Mirrors each element of the filter_list entries in YAML task configs.

Example
filter_list:
  - name: "strict-match"
    filter:
      - function: "regex"
        regex_pattern: "#### (\\-?[0-9\\.\\,]+)"
      - function: "take_first"
    metric_list:
        - metric: "exact_match"
  - name: "loose-match"
    ...

Attributes

name instance-attribute

name: Required[str]

Identifier for this pipeline, used as a prefix in result keys (e.g. "strict-match", "maj@64").

filter instance-attribute

filter: Required[list[FilterStep]]

Ordered sequence of filter steps applied to model outputs. Steps run in order; each step's output feeds into the next.

metric_list instance-attribute

metric_list: list[MetricConfig]

Optional per-pipeline metrics. When set, these metrics are scored only on this pipeline's filtered outputs, instead of the task-level metric_list.

FilterStep

Bases: TypedDict


              flowchart TD
              lm_eval.config.task.FilterStep[FilterStep]

              

              click lm_eval.config.task.FilterStep href "" "lm_eval.config.task.FilterStep"
            

A single filter step in a pipeline.

Example
- function: "regex"
  kwargs:
    regex_pattern: "#### (\\\\-?[0-9\\\\.\\\\,]+)"

- function: "custom"
  kwargs:
    filter_fn: !function my_custom_filter_fn

Attributes

function instance-attribute

function: Required[str]

Name of a registered filter (e.g. "regex", "custom", "majority_vote"). Custom filters can be registered with @register_filter.

kwargs instance-attribute

kwargs: dict[str, Any]

Keyword arguments passed to the filter function (e.g. {"regex_pattern": "The answer is (\d+)"} for "regex", or {"filter_fn": "!function utils.my_filter"} for "custom").

ScorerConfig

Bases: TypedDict


              flowchart TD
              lm_eval.config.task.ScorerConfig[ScorerConfig]

              

              click lm_eval.config.task.ScorerConfig href "" "lm_eval.config.task.ScorerConfig"
            

Configuration for a registered scorer.

A scorer encapsulates the full filter → score → reduce → aggregate pipeline. When scorer is set on a task, scoring is delegated to the registered scorer class instead of the default metric pipeline.

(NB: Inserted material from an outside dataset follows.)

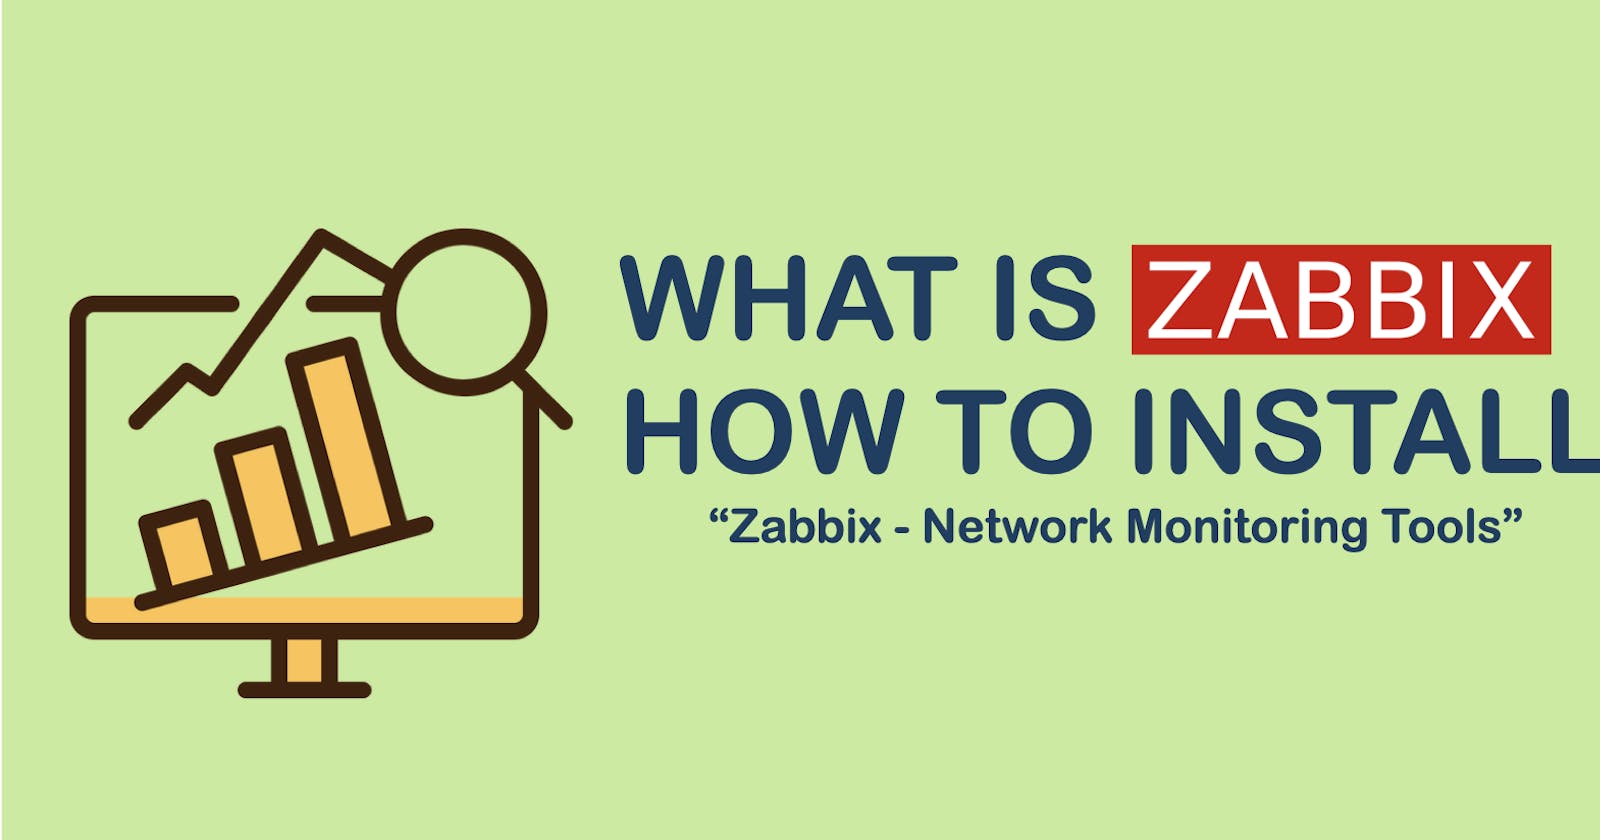 What is Zabbix Monitoring? How to Install it?
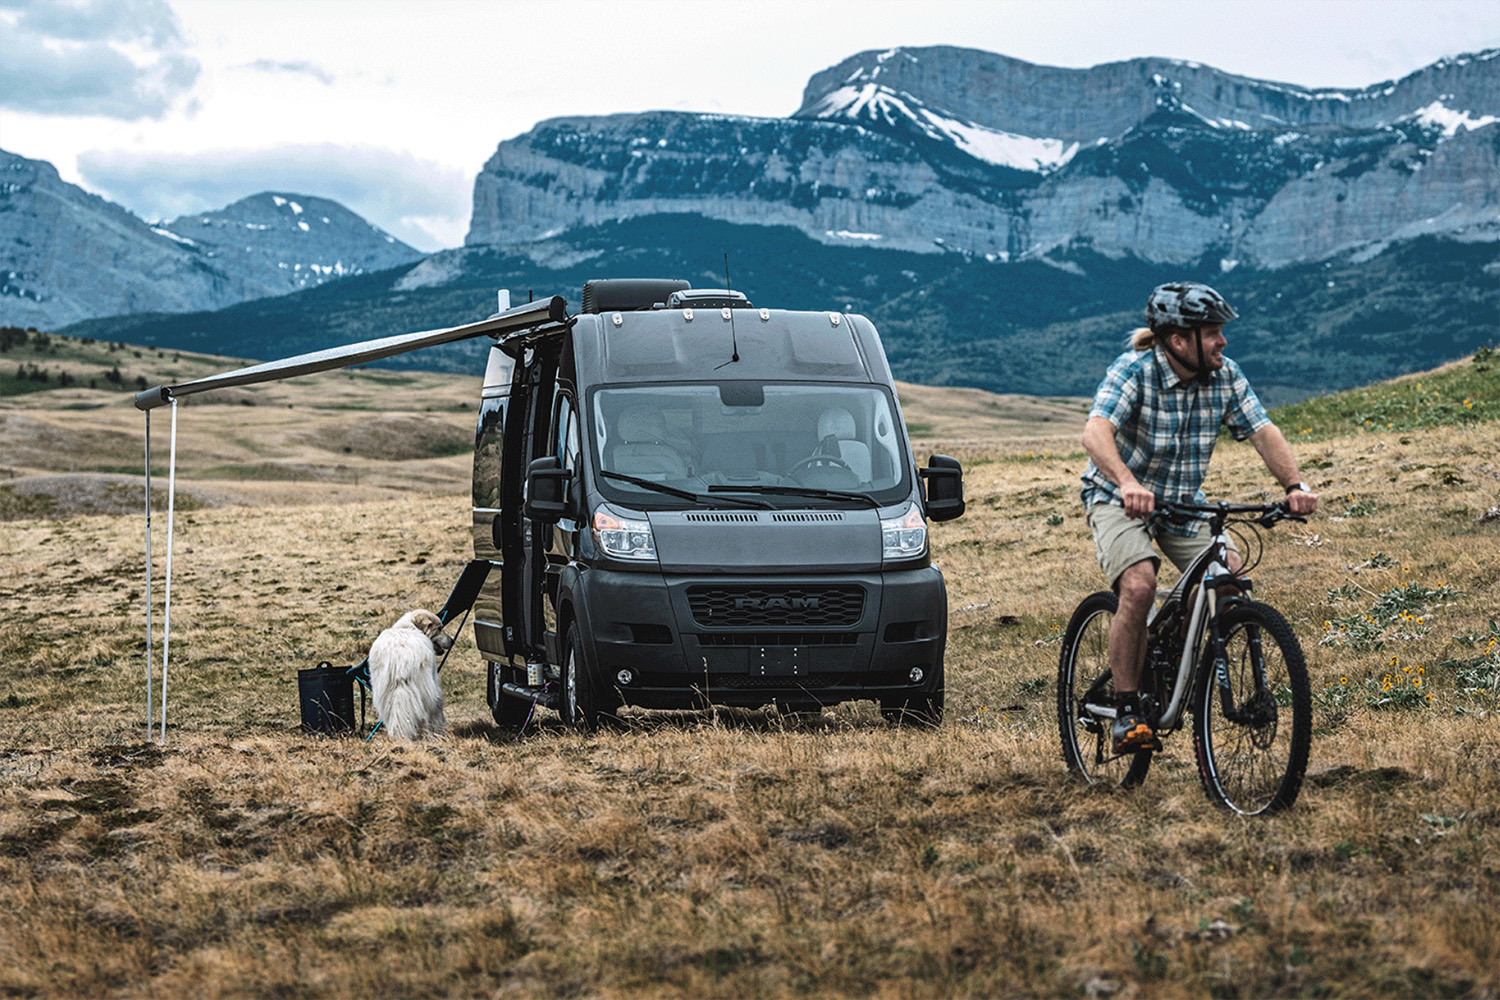 A man biking away from an Airstream Van in a grassy valley next to mountains

Can be specified as a plain string (just the scorer name) or as a dict with type and optional kwargs forwarded to the scorer constructor.

Example
# String shorthand — equivalent to {"type": "first_token"}
scorer: first_token

# Dict form with custom kwargs forwarded to the scorer class
scorer:
  type: ai_judge
  kwargs:
    judge_model: claude-sonnet-4-6

See lm_eval/scorers/ for built-in scorers. Custom scorers can be registered with @register_scorer.

Attributes

type instance-attribute

type: Required[str]

Name of a registered scorer (e.g. "first_token", "regex", "choice_match"). Resolved via lm_eval.api.registry.get_scorer.

kwargs instance-attribute

kwargs: dict[str, Any]

Extra keyword arguments forwarded to the scorer constructor. Scorer subclasses declare these as dataclass fields (e.g. judge_model on an AIJudgeScorer).